Service is not reachable on destination port

There are many ways to check for this error, the first one if using the client with the proper protocol. For example, say it is a web server that is not responding

[josevnz@dmaf5 ~]$ curl --verbose --fail http://raspberrypi.home:8000/
* Trying fd22:4e39:e630:1:dea6:32ff:fef9:4748:8000...
* connect to fd22:4e39:e630:1:dea6:32ff:fef9:4748 port 8000 failed: Connection refused
* Trying 192.168.1.27:8000...
* connect to 192.168.1.27 port 8000 failed: Connection refused
* Failed to connect to raspberrypi.home port 8000 after 4 ms: Connection refused
* Closing connection 0
curl: (7) Failed to connect to raspberrypi.home port 8000 after 4 ms: Connection refused

A more generic test can be done with Netcat:

[josevnz@dmaf5 ~]$ nc raspberrypi.home 8000
Ncat: Connection refused.

In this case the server refused our TCP handshake. But what if your nc command just hangs and eventually times out?

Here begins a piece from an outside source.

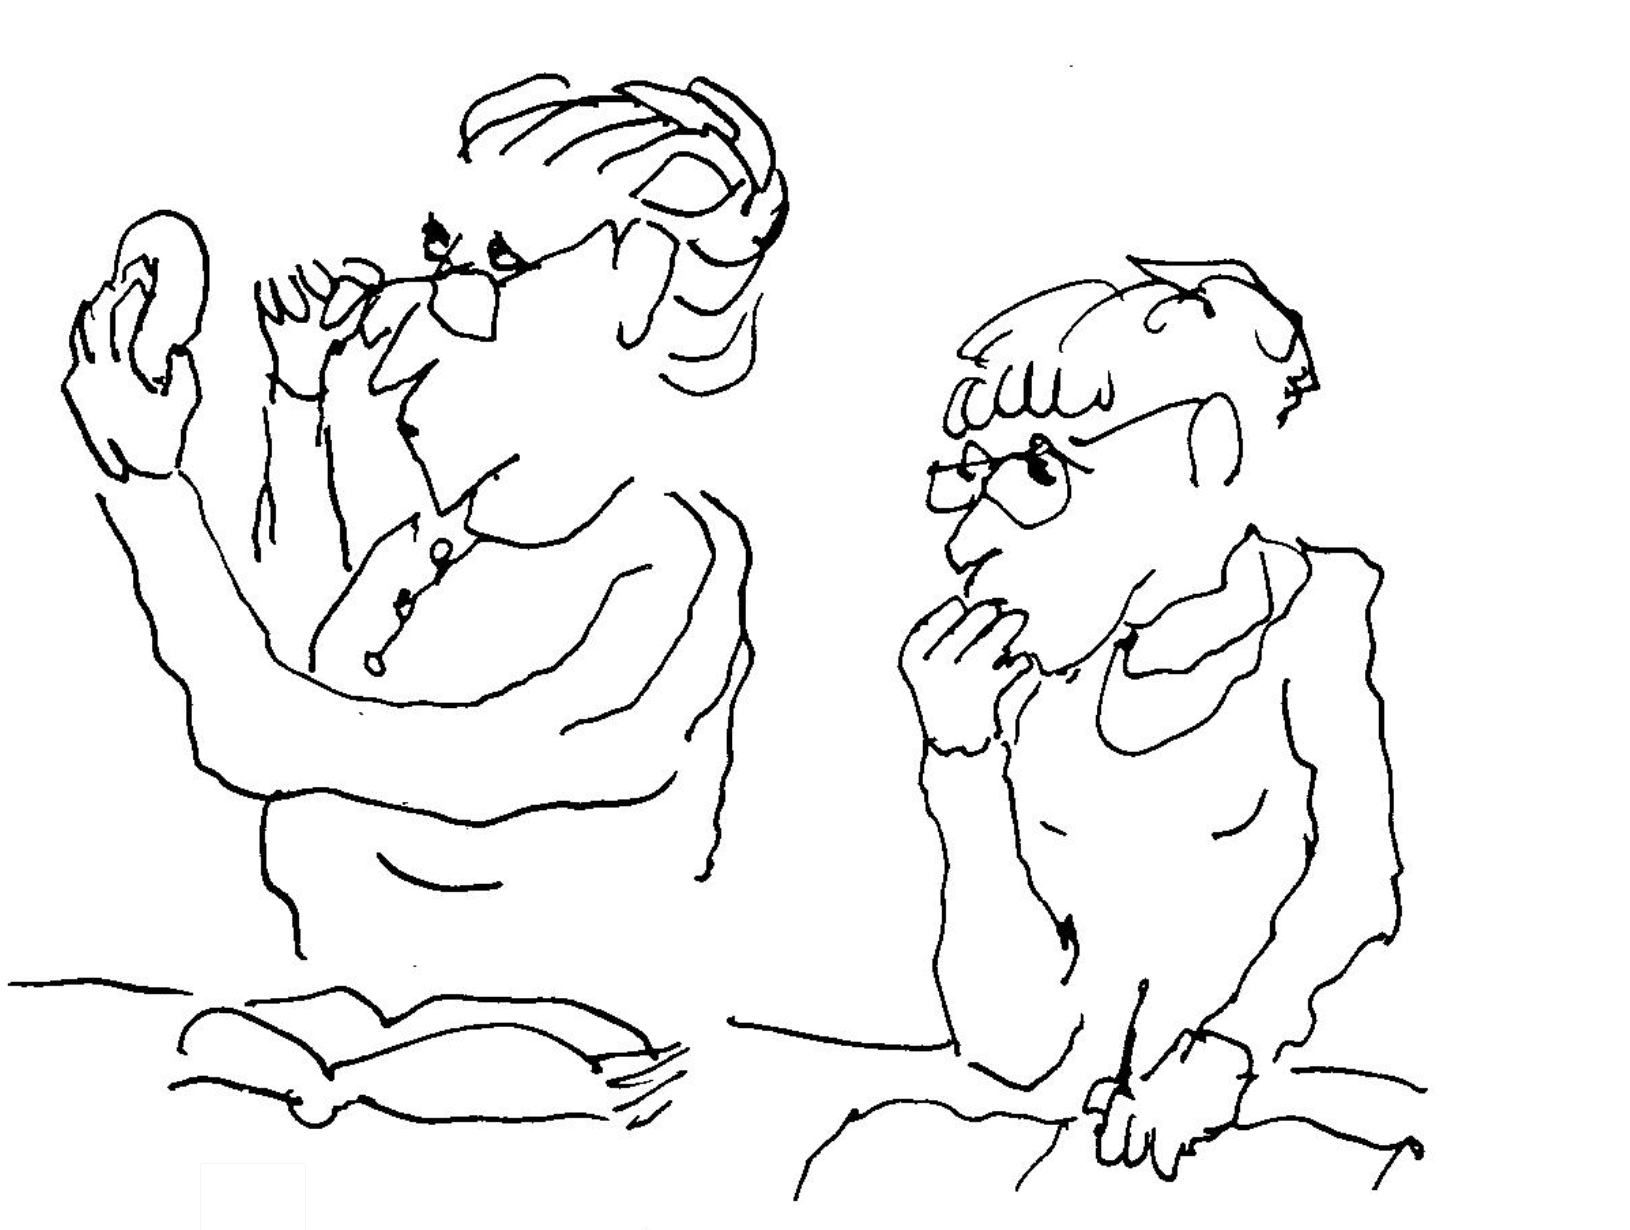 Helen Witty and Elizabeth Schneider Colchie during one of their many recipe conferences. Drawing by Carter Jones.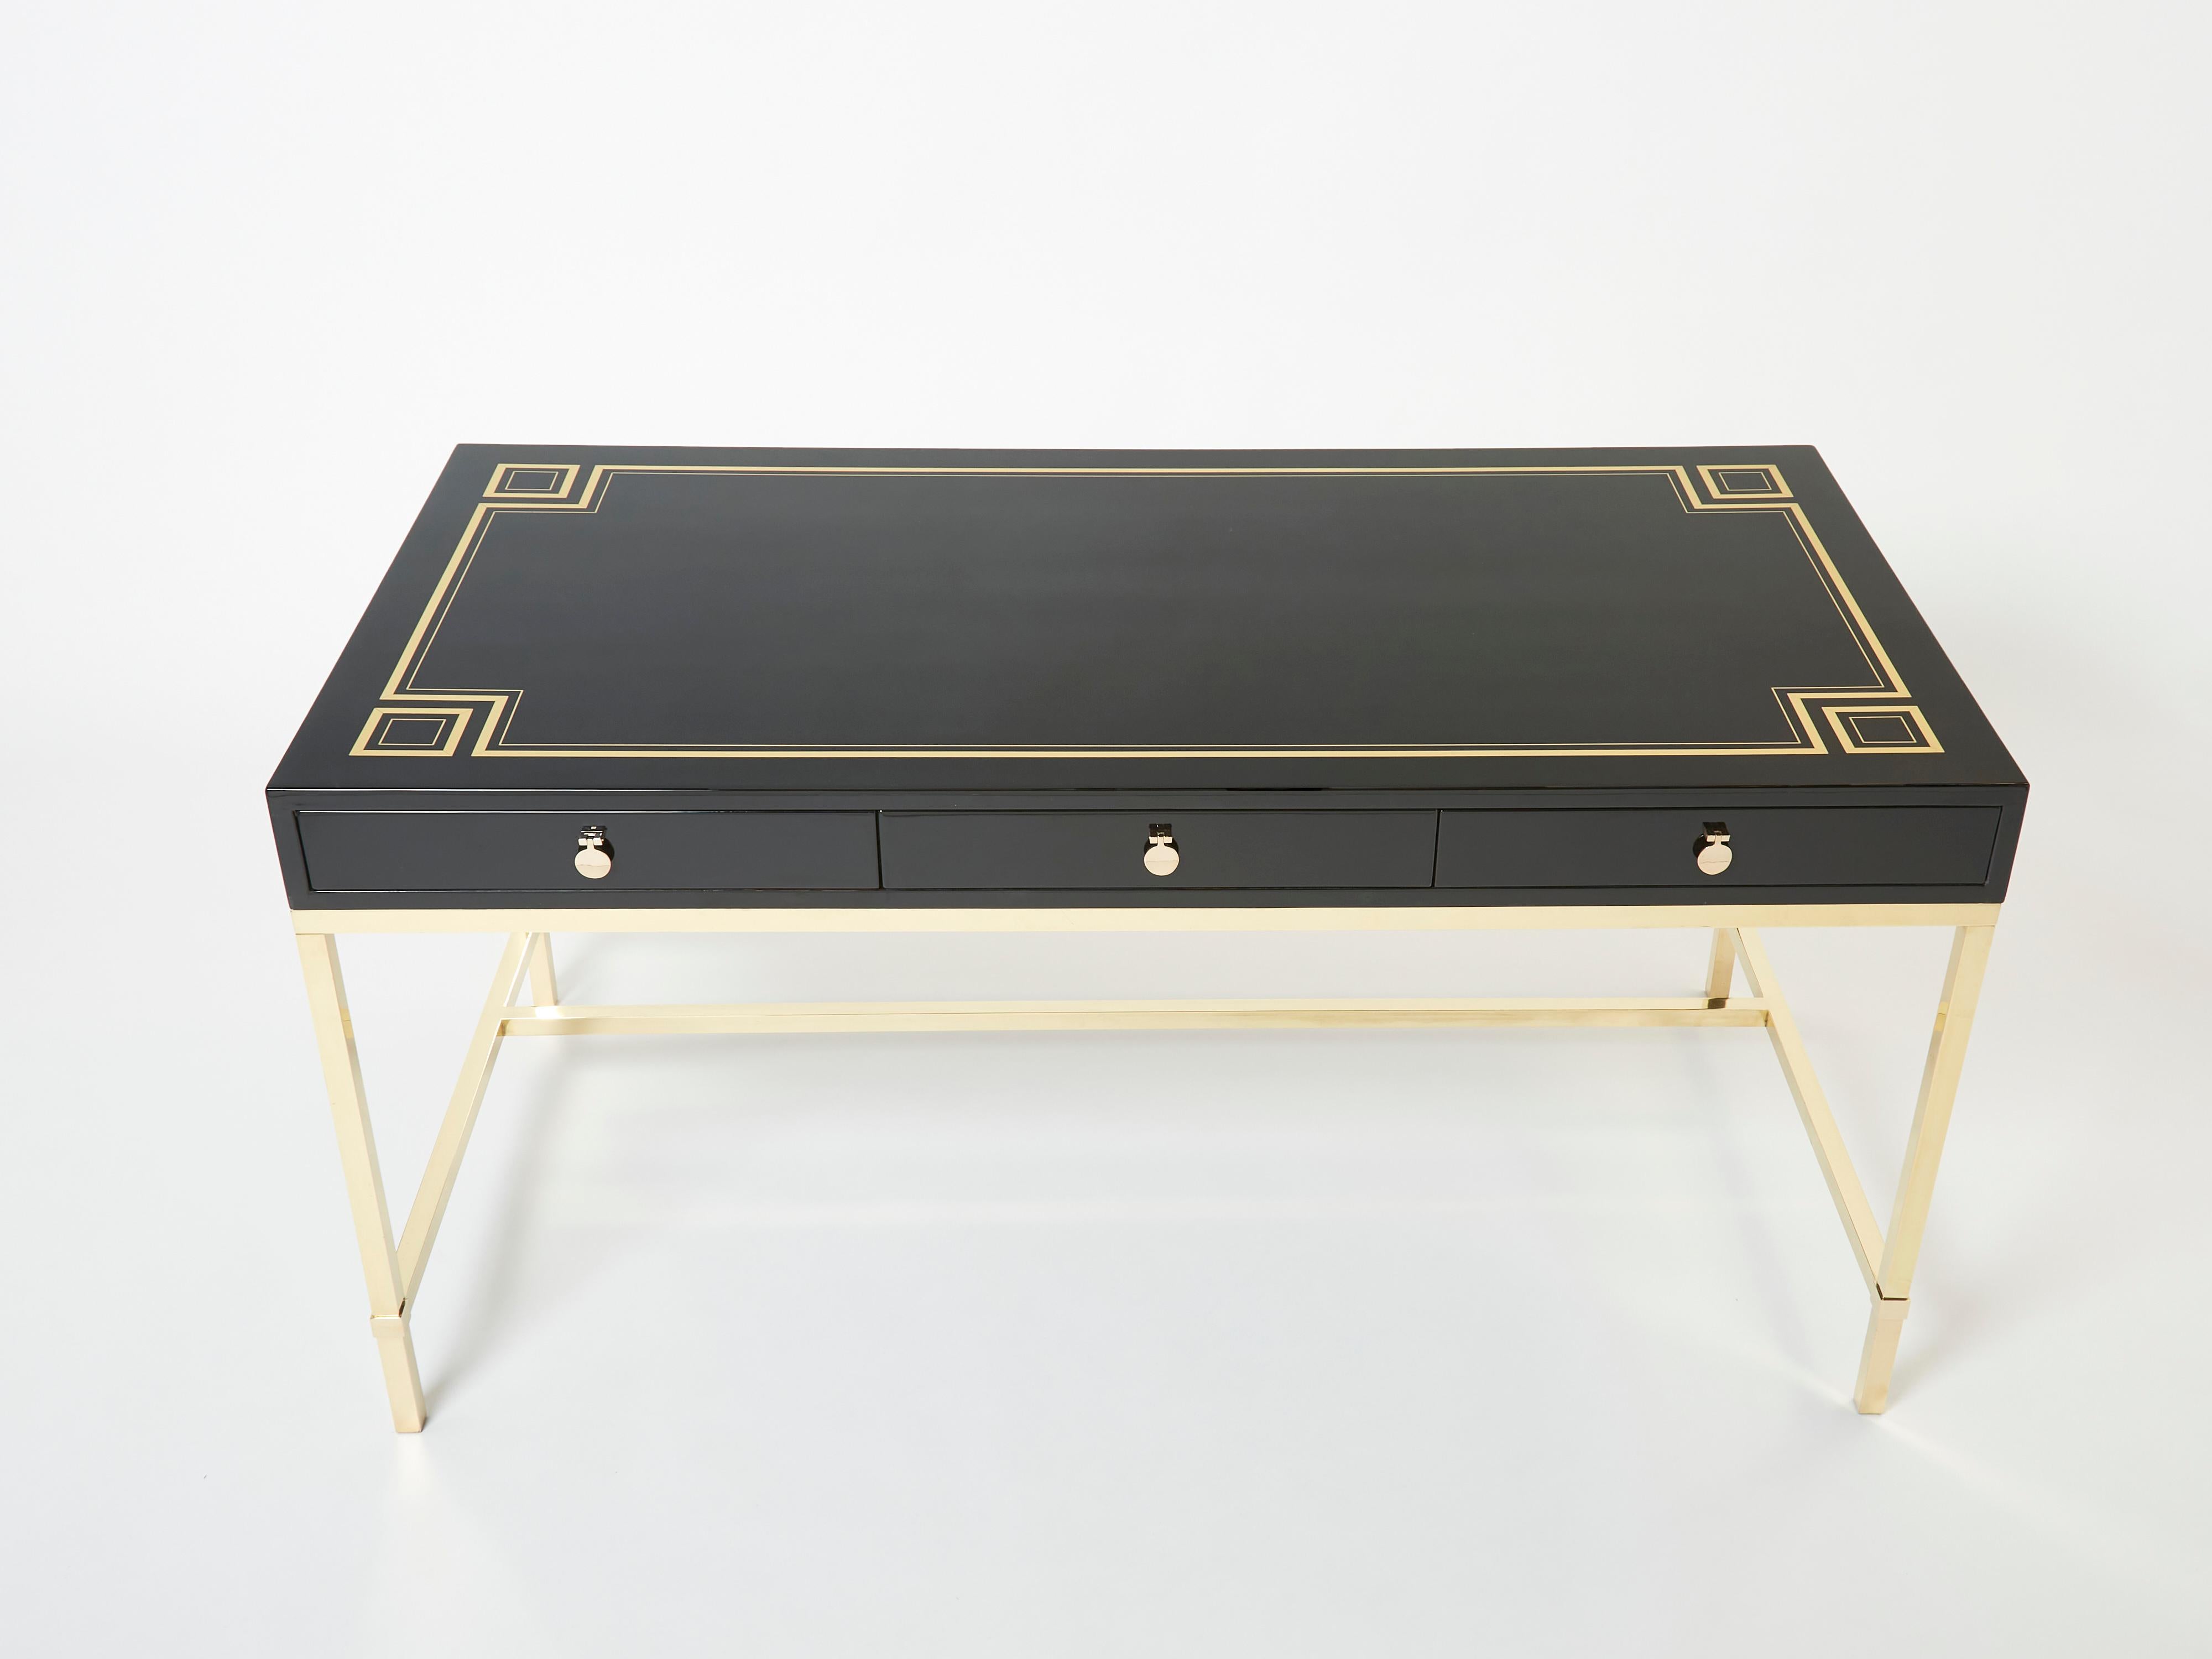 A unique Maison Jansen black lacquered desk table designed by Guy Lefevre for Maison Jansen in the mid-1970s. It features a black lacquer top with neoclassical inspired brass inlays, and three drawers with beautiful brass handles, resting on a

[josevnz@dmaf5 ~]$ nc raspberrypi.home 8000
Ncat: TIMEOUT.

There is a chance than you have port filter (firewalling) and your request is being rejected. This requires opening the port (if is using iptables or at the firewall level if the real host is behind a firewall). If you have nmap you can confirm if the port is being filtered:

[josevnz@dmaf5 ~]$ sudo nmap raspberrypi.home -p 8000
Starting Nmap 7.93 ( https://nmap.org ) at 2023-01-08 05:59 EST
Nmap scan report for raspberrypi.home (192.168.1.16)
Host is up (0.024s latency).
PORT STATE SERVICE
8000/tcp filtered http-proxy
Nmap done: 1 IP address (1 host up) scanned in 0.72 seconds

Wrapping up

This is just a quick introduction to some common techniques used to troubleshoot common network problems. There many more protocols like UDP that were not covered here and require slightly different tools and approaches, for that is always good to become familiar with the protocol and service with the problem and get familiar with the expected proper behavior.